Activity
In the answer, transcribe exactly the lines from the beginning of the material through the line holding "Türk yapımı Transformers", and skip every picture.

Stored data
* * *

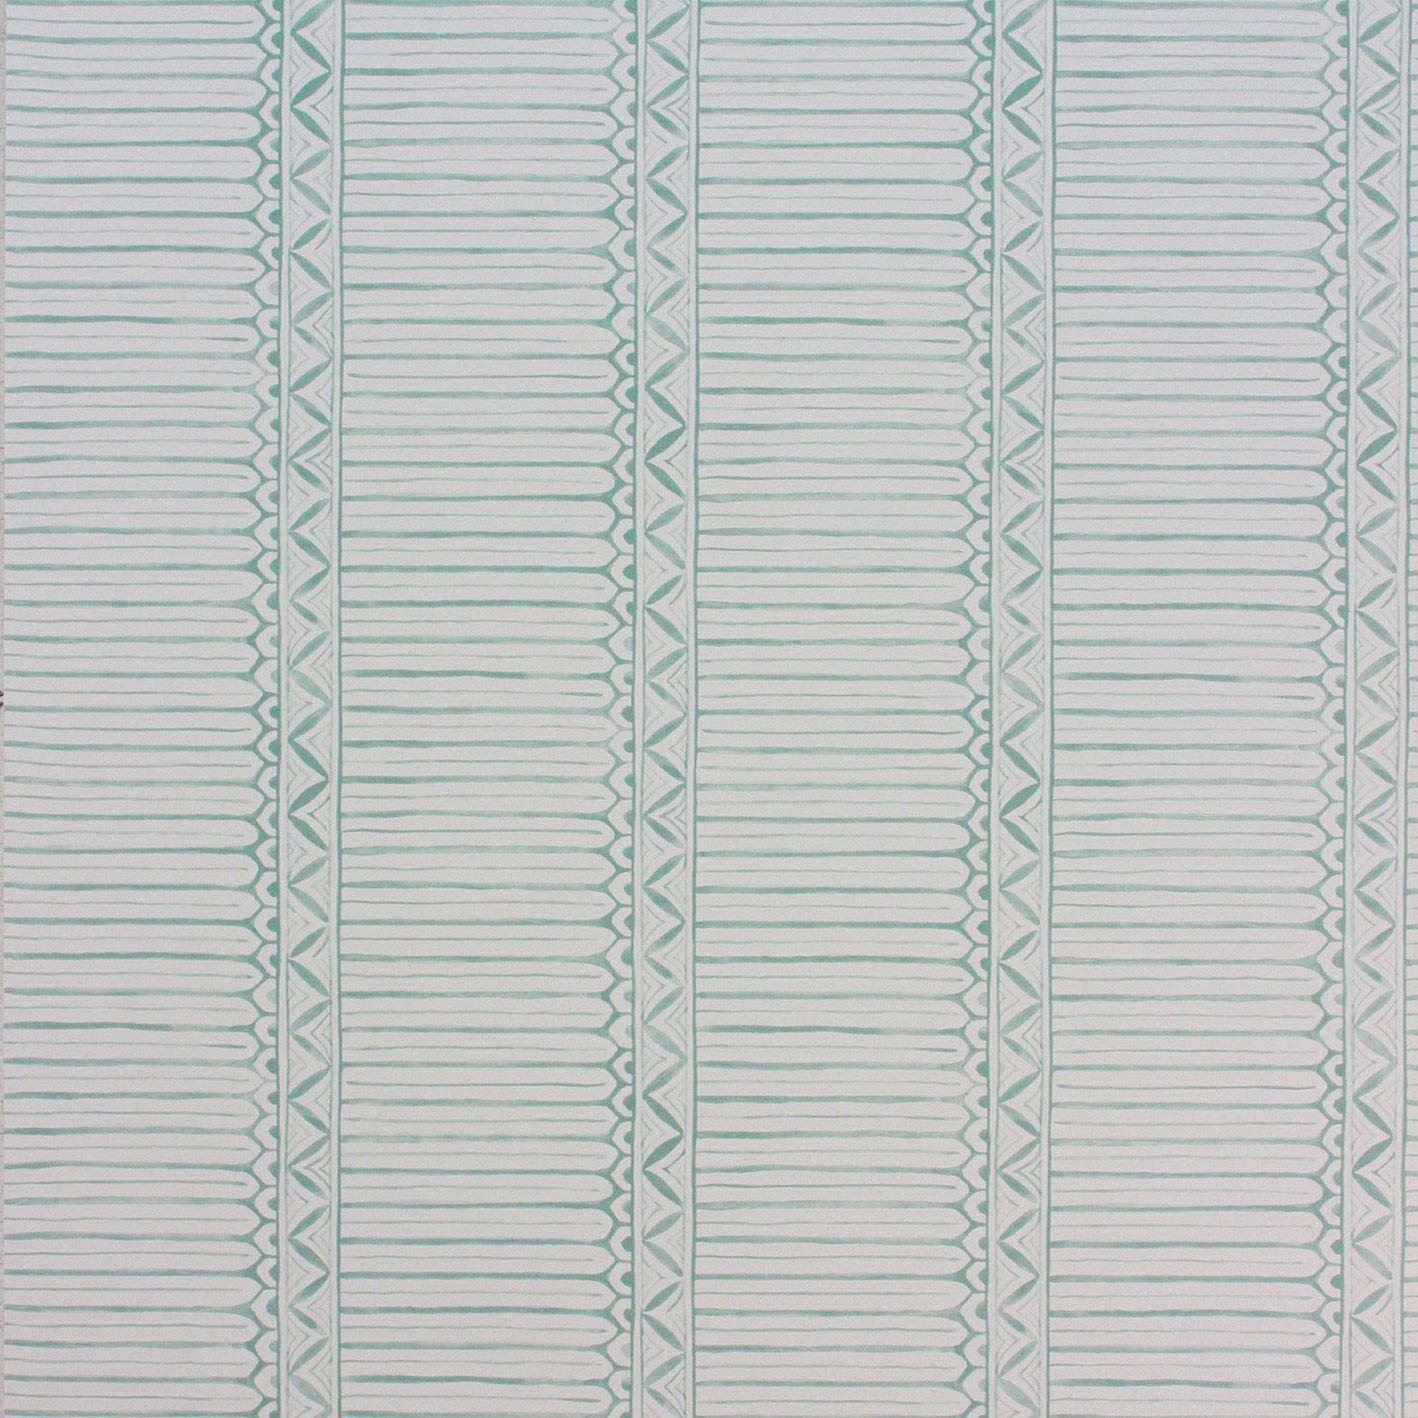 Nina Campbell Wallpaper - Les Rêves Domiers Aqua/Ivory NCW4307-03
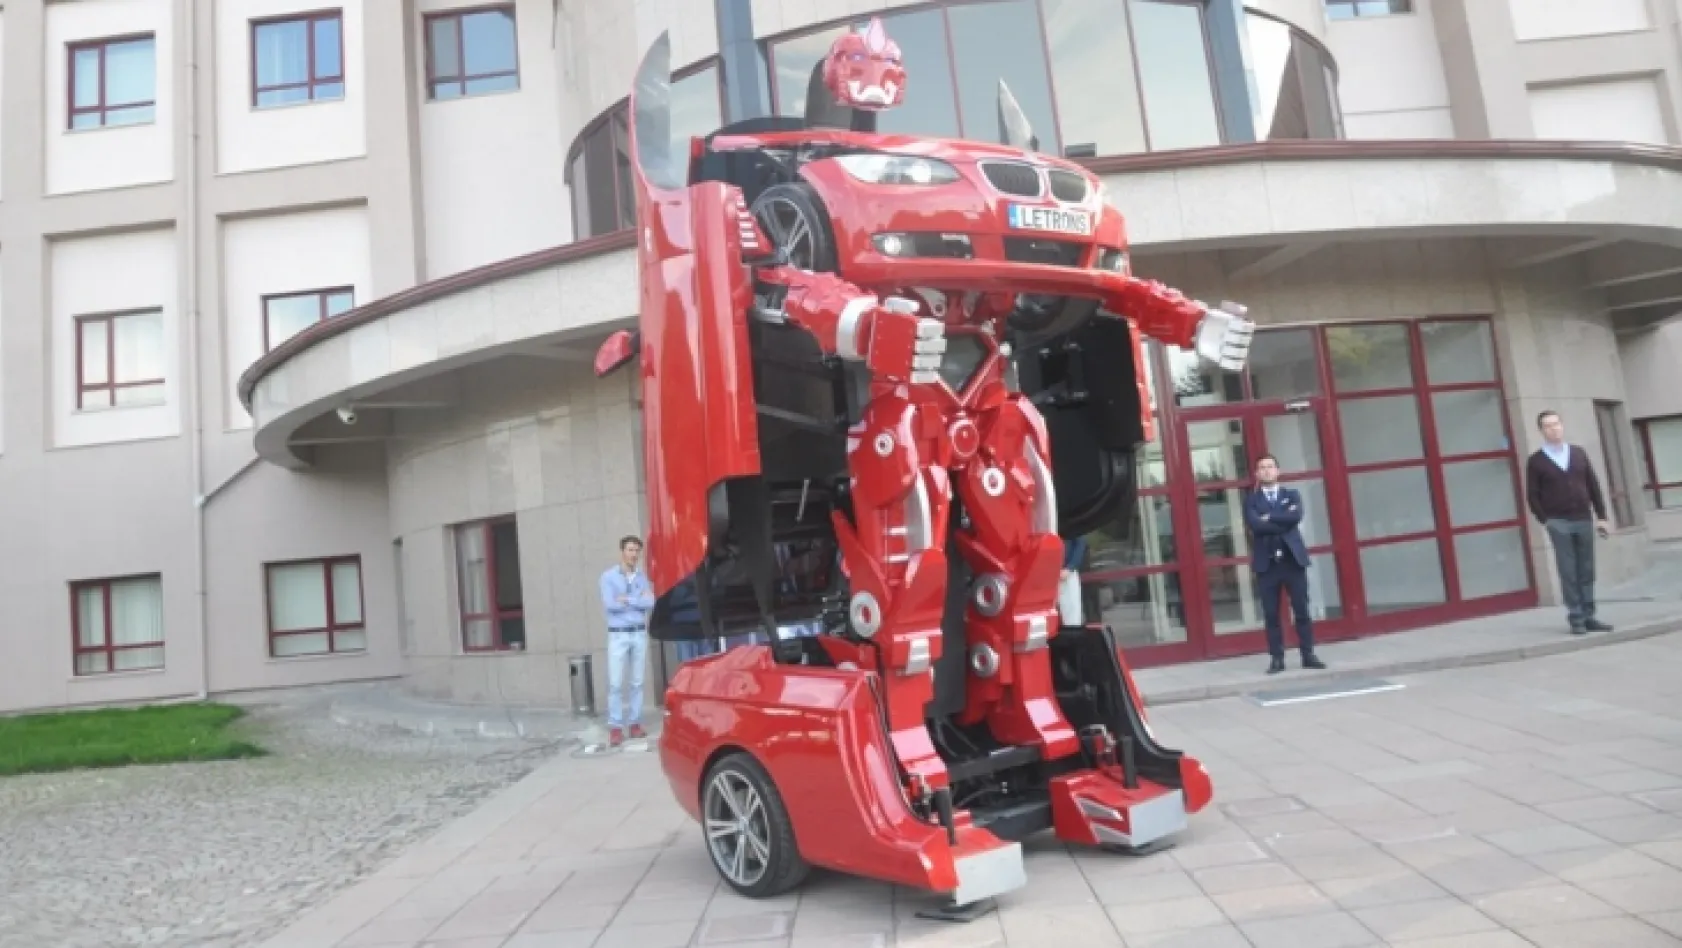 Türk yapımı Transformers Letrons görücüye çıktı
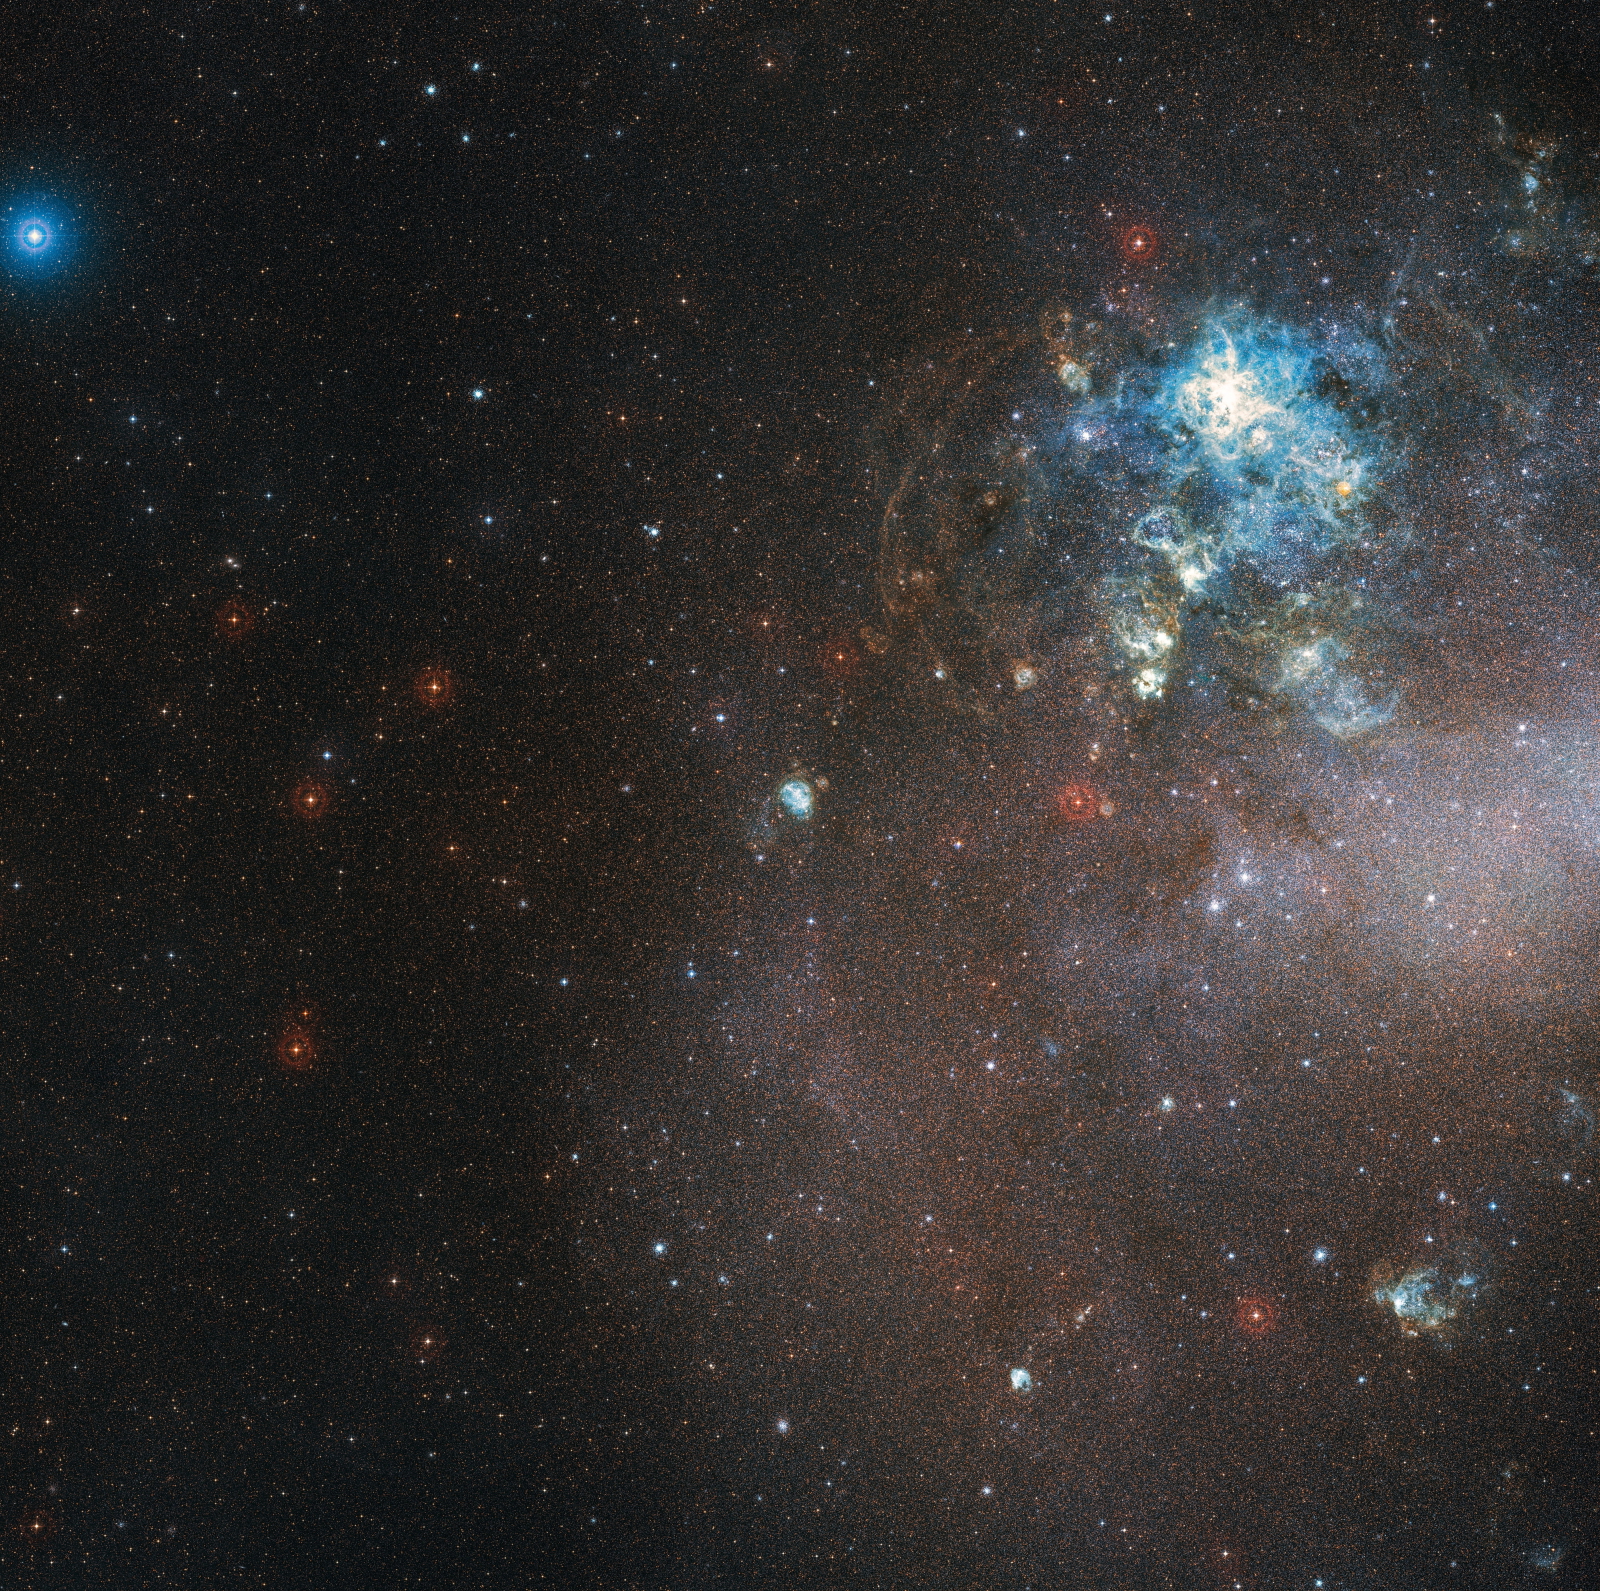 Zdjęcie wykonane przez Europejskie Obserwatorium Południowe pokazuje olśniewający obszar nowo tworzących się gwiazd w Wielkim Obłoku Magellana. Fot. PAP/EPA/ESO/Digitized Sky Survey 2 / HANDOUT

* * *

Solution
 Nina Campbell Wallpaper - Les Rêves Domiers Aqua/Ivory NCW4307-03
 Türk yapımı Transformers Letrons görücüye çıktı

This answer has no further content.